U of I study: Disease-causing stomach bug attacks energy generation in host cells

Findings will help combat bacteria infections

Microbiology professor Steven Blanke, graduate student Ik-Jung Kim, and their colleagues discovered how a disease-causing bacterium, Helicobacter pylori, undermines the body’s immune defenses. (Photo by L. Brian Stauffer.)
Microbiology professor Steven Blanke, graduate student Ik-Jung Kim, and their colleagues discovered how a disease-causing bacterium, Helicobacter pylori, undermines the body’s immune defenses. (Photo by L. Brian Stauffer.)

Researchers report in a new study that the bacterium Helicobacter pylori – a major contributor to gastritis, ulcers and stomach cancer – resists the body’s immune defenses by shutting down energy production within the cells of the stomach lining that serve as a barrier to infection.

The new findings, reported in the journal Cell Host & Microbe, will aid efforts to better understand and combat H. pylori infections, the researchers said. 

H. pylori infects and causes gastritis in half the world’s population.
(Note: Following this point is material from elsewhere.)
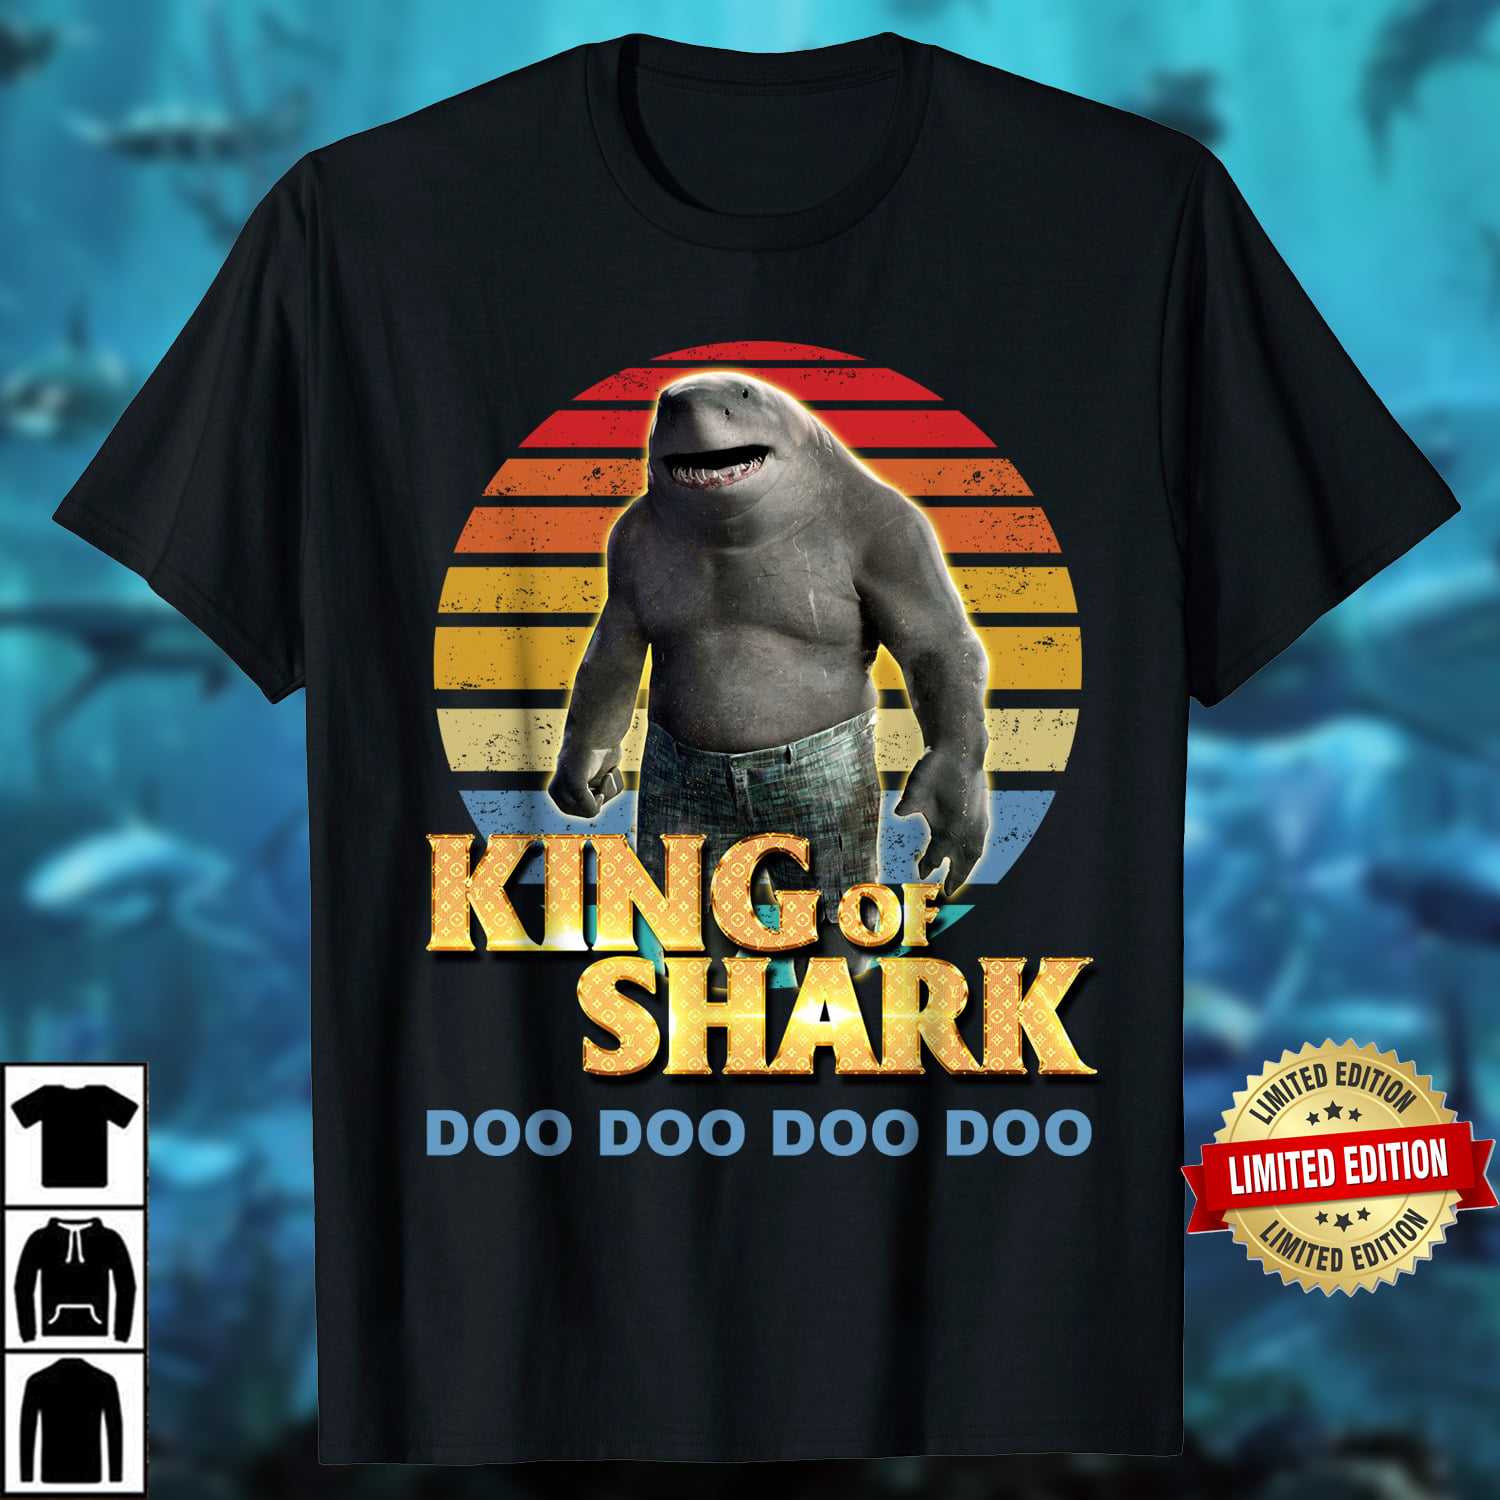 King of Shark - Baby Shark Doo Doo, Suicide Squat movie

It is transmitted from person to person, usually during the first two years of life,” said University of Illinois microbiology professor Steven Blanke, who led the new research. “Long-term infection can extend over decades, and most people never experience any symptoms of infection until the disease has progressed to an advanced state.”

The human stomach is the only known environment where H. pylori exists, Blanke said.

“When any barrier in the human body is colonized by a pathogen, the immune system sets off a series of predictable counterattacks to reclaim the infected space,” he said. “H. pylori cripples these immune counterattacks by going straight to the source of a host cell’s power to shut down energy production.”

Using stomach cells and tissues, the team found that H. pylori manipulates the cell from the outside by sending in a toxin to directly target the mitochondria, which serves as the powerhouse where the cell’s energy is produced.

“The toxin disables the mitochondria, resulting in a loss of energy production,” Blanke said. “When the cell tries to compensate by reallocating resources from other parts of the cell, a signal is triggered directing the cell to stop production and start breaking things down.”

Disabled but still alive, the cell eventually loses its ability to fend off infection.

“The results of these studies provide an important example of how pathogens effectively target host metabolism in an effort to establish an enduring foothold within the host,” Blanke said.

The National Institutes of Health supported this research. The Department of Microbiology is in the School of Molecular and Cellular Biology.